There are some usability concepts mentioned above, and let's try to use 'things' to classify them. The "thing" here is the fault, which is divided into: beforehand (before the fault occurs), incident (the fault occurs to the system or people perceiving the fault), during the event (the time between the occurrence of the fault and the fault handling), and afterwards (after the fault is over).

According to the above classification, different stages should have different skills:

1. Beforehand: copies, quarantines, quotas, plans, probing

two。 Incident: monitoring and alarm

3. In the event: demotion, rollback, contingency plan

4. After the event: review, thinking, technical reform

Some of the technical concepts are explained as follows:

Replica: a stateless service cluster is an application of a replica, which can scale horizontally because there is no state, and these stateless servers need a layer of agents for unified scheduling and management, so there is a reverse proxy. When the agent detects a problem with a machine through the heartbeat detection mechanism, it is taken offline, and other "replica" machines continue to provide services; replica technology is also often used in the storage field, such as mysql master / slave switching, rabbitMQ mirror queue, disk RAID technology, partition copies in various nosql, and so on. Almost all systems that ensure high availability have redundant copies.

Isolation: thread isolation, process isolation, cluster isolation, computer room isolation, read and write isolation, movement isolation, crawler isolation, hot spot isolation, hardware resource isolation. In fact, these isolation is a kind of resource isolation, regardless of threads, processes, hardware, computer rooms, clusters, are all a kind of resources; dynamic resources and static resources are only a classification of resources; hot spot isolation is the isolation of hot and non-hot resources; read-write isolation is just how resources are used. The same two resources, one for writing and one for reading. Therefore, the essence of isolation is actually the independent protection of resources. Because each resource is protected independently, one of the resources has a problem and will not affect the other resources, which improves the availability of the overall service.

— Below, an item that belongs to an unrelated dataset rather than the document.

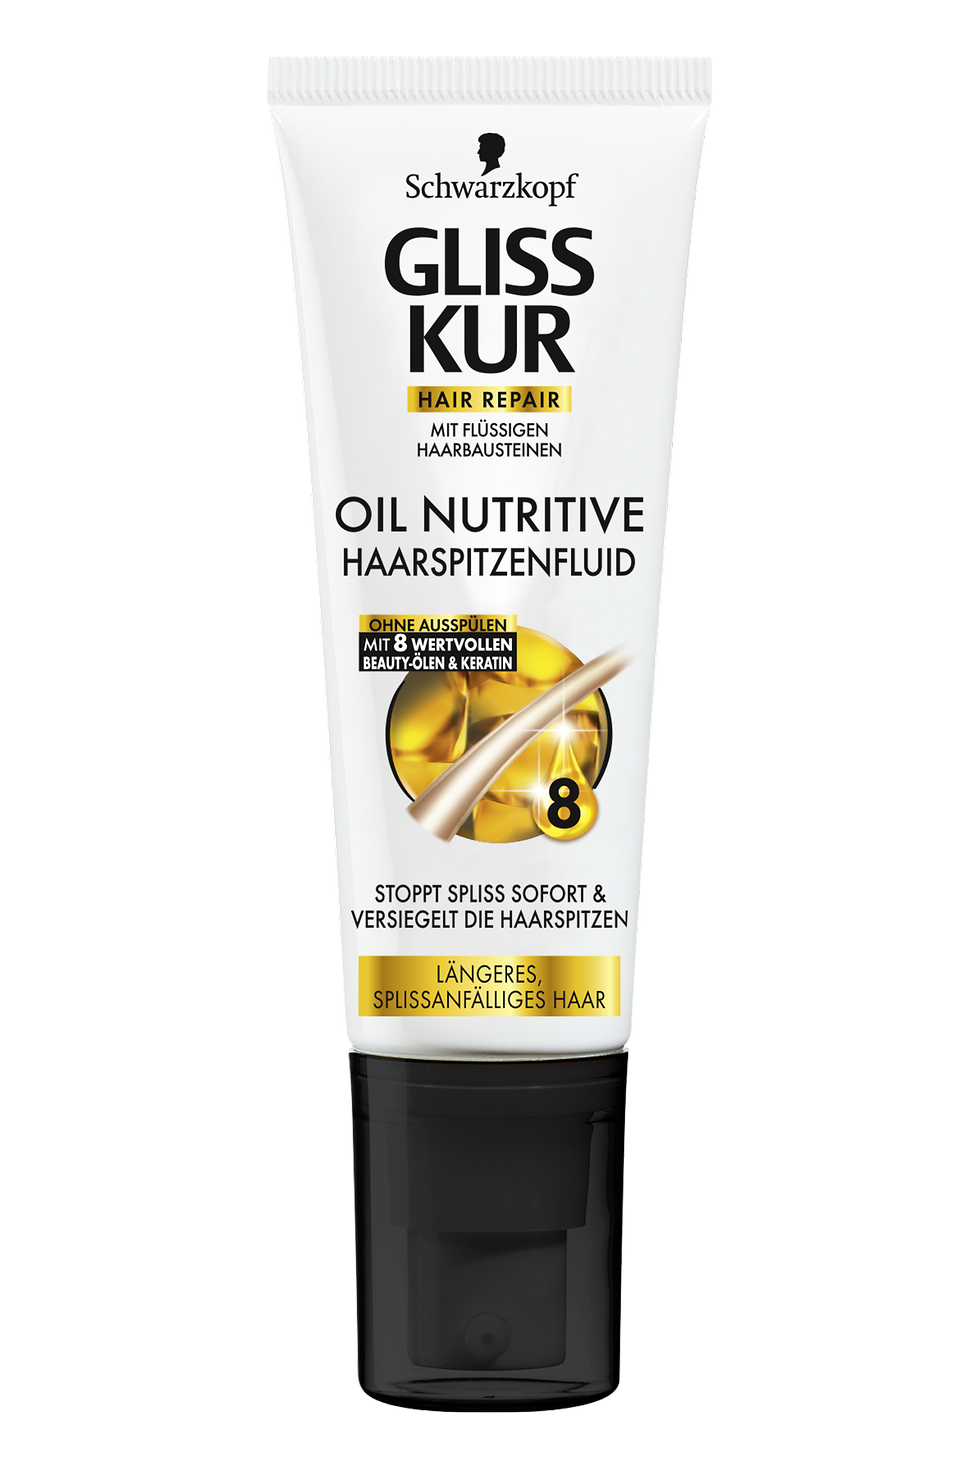 Gliss Kur Oil Nutritive Haarspitzenfluid

Quota: quota technology protects the system by limiting the supply of resources, thereby improving overall availability. Current limit is a kind of quota technology, which can avoid service downtime caused by insufficient supply by adjusting the water level of inlet flow. Current limit is divided into cluster current limit and stand-alone current limit. Cluster current limit requires the cooperation of distributed infrastructure, while stand-alone current limit does not. In addition, there are a few other points we need to consider here:

How to set a reasonable current limit value? The setting of current limit value can only be determined after full-link pressure test, proper evaluation of CPU capacity, disk, memory, IO and other indicators and traffic (not necessarily linear relationship), combined with business estimation and operation and maintenance experience.

How to deal with the restricted traffic? There are several processing methods, one is directly discarded, reminding users with mild copywriting; second, silence, commonly known as lossless degradation, refreshes the page with cached content; and third, flood storage, asynchronous blood return, which is generally used in transactional scenarios.

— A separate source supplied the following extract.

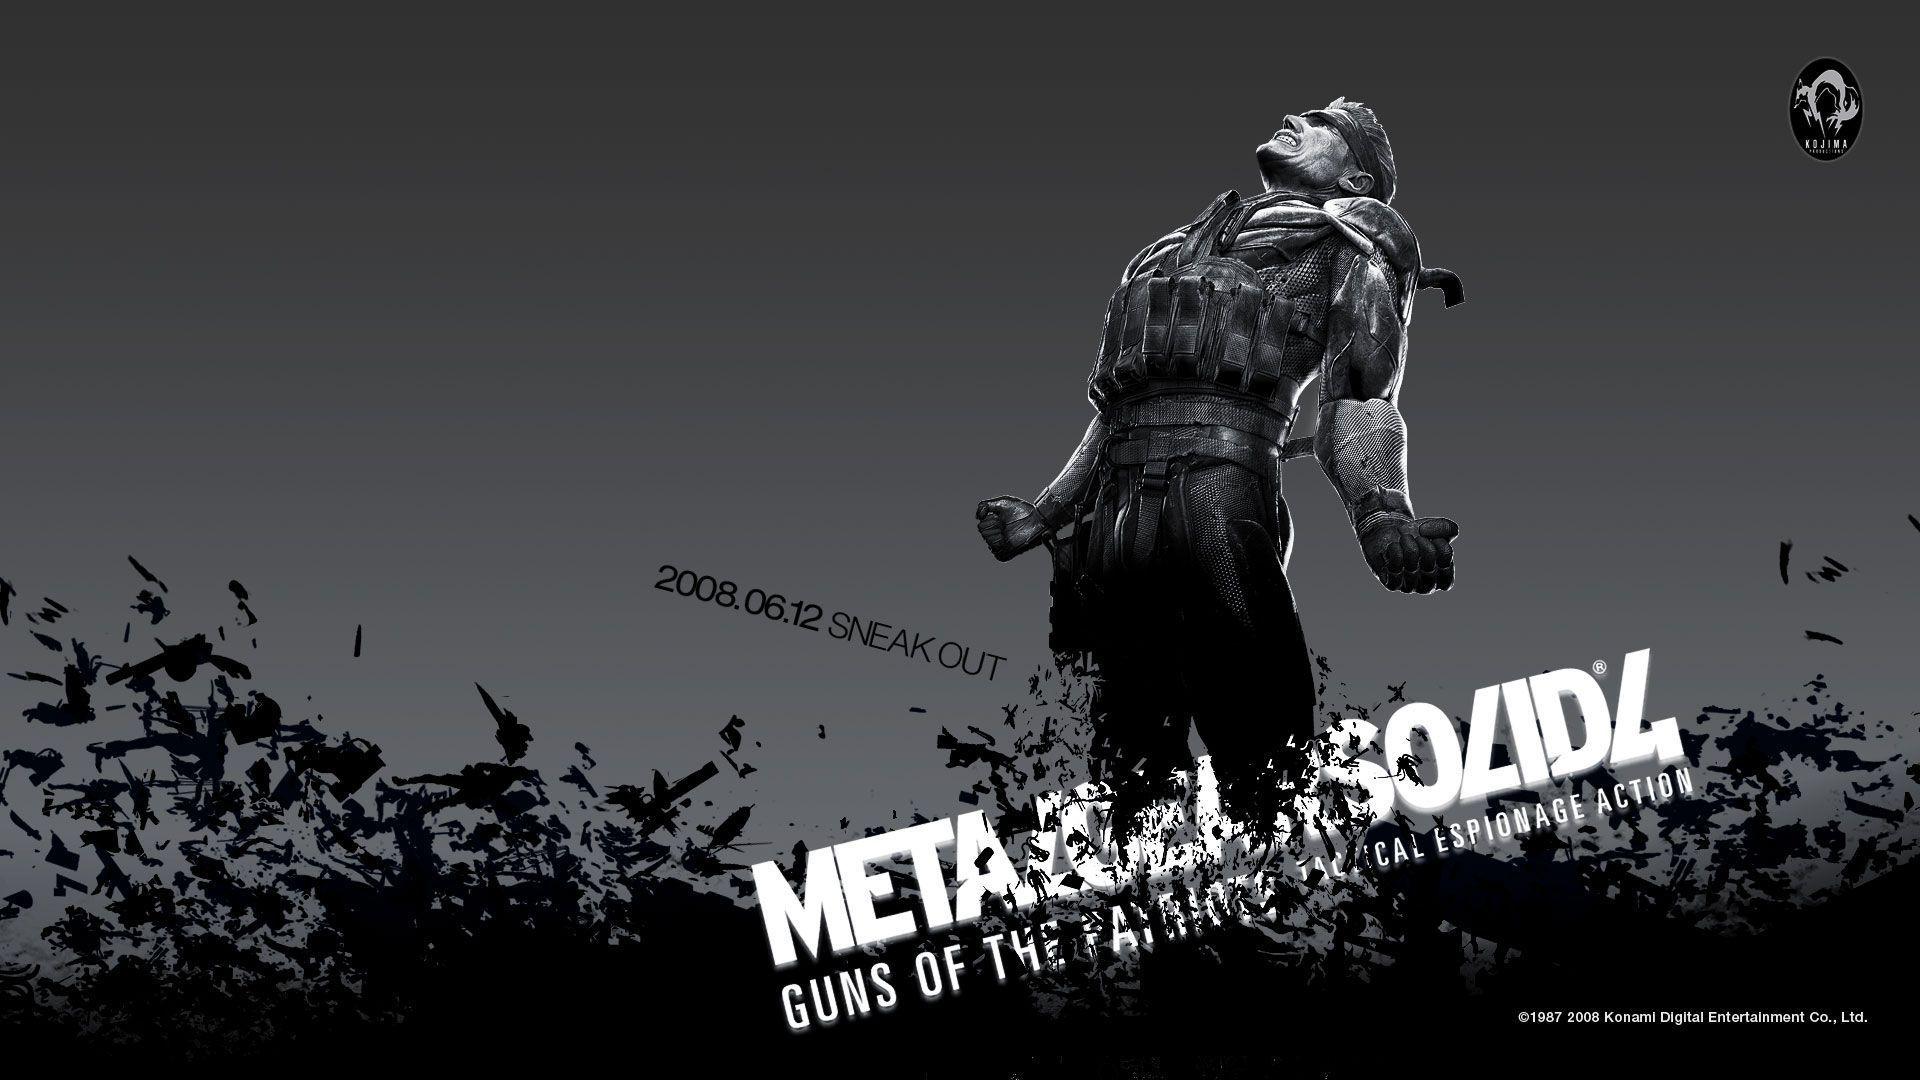 The Bit Adventures through Metal Gear: Metal Gear Solid 4: Guns

Will it lead to manslaughter? Single machine current limit will lead to manslaughter, especially in the case of unbalanced load, it is easy to cause manslaughter; if the single machine current limit value is too small, it is easy to cause manslaughter.

Pre-plan: generally divided into advance plan (in advance) and emergency plan (in the event). The pre-plan is implemented in advance, such as temporarily switching the system from peak mode to energy-saving mode; the emergency plan is only implemented at the critical moment, mainly for hemostasis, such as one-button disaster recovery switching. The pre-plan technology is generally used in conjunction with the switch, and the push-plan is generally pushed on and off. In addition, the plan can also be combined with current limitation, rollback and demotion, and the formulation of the plan can also find ideas through the analysis of historical faults.

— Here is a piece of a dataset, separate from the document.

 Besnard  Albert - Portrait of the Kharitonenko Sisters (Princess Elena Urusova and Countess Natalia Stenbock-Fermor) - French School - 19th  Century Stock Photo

Probe: to find out the availability ability of the current system, in fact, can not improve the system availability, can not do well or even reduce the system availability. Pressure testing and drills are the most common detection techniques. Pressure testing is divided into full-link pressure testing and single-link pressure testing, full-link pressure testing is used for promoting activities such as double Eleven, etc., which requires the overall cooperation of the upstream and downstream systems. Single-link pressure testing generally verifies the function or does simple scene pressure testing to extract performance indicators. The general process of full-link pressure testing is: pressure test target setting and evaluation, pressure test construction, pressure test script preparation and deployment, pressure test data preparation, small flow link verification, notification of upstream and downstream system owner, preheating, pressure test, pressure test result evaluation report, performance optimization. The above process is iterated repeatedly until the stress test goal is reached. Drills are generally divided by scale, such as city-level disaster recovery drills, computer room-level disaster recovery drills, cluster-scale disaster recovery drills (DB clusters, cache clusters, application clusters, etc.), stand-alone fault injection, scenario drills, and so on.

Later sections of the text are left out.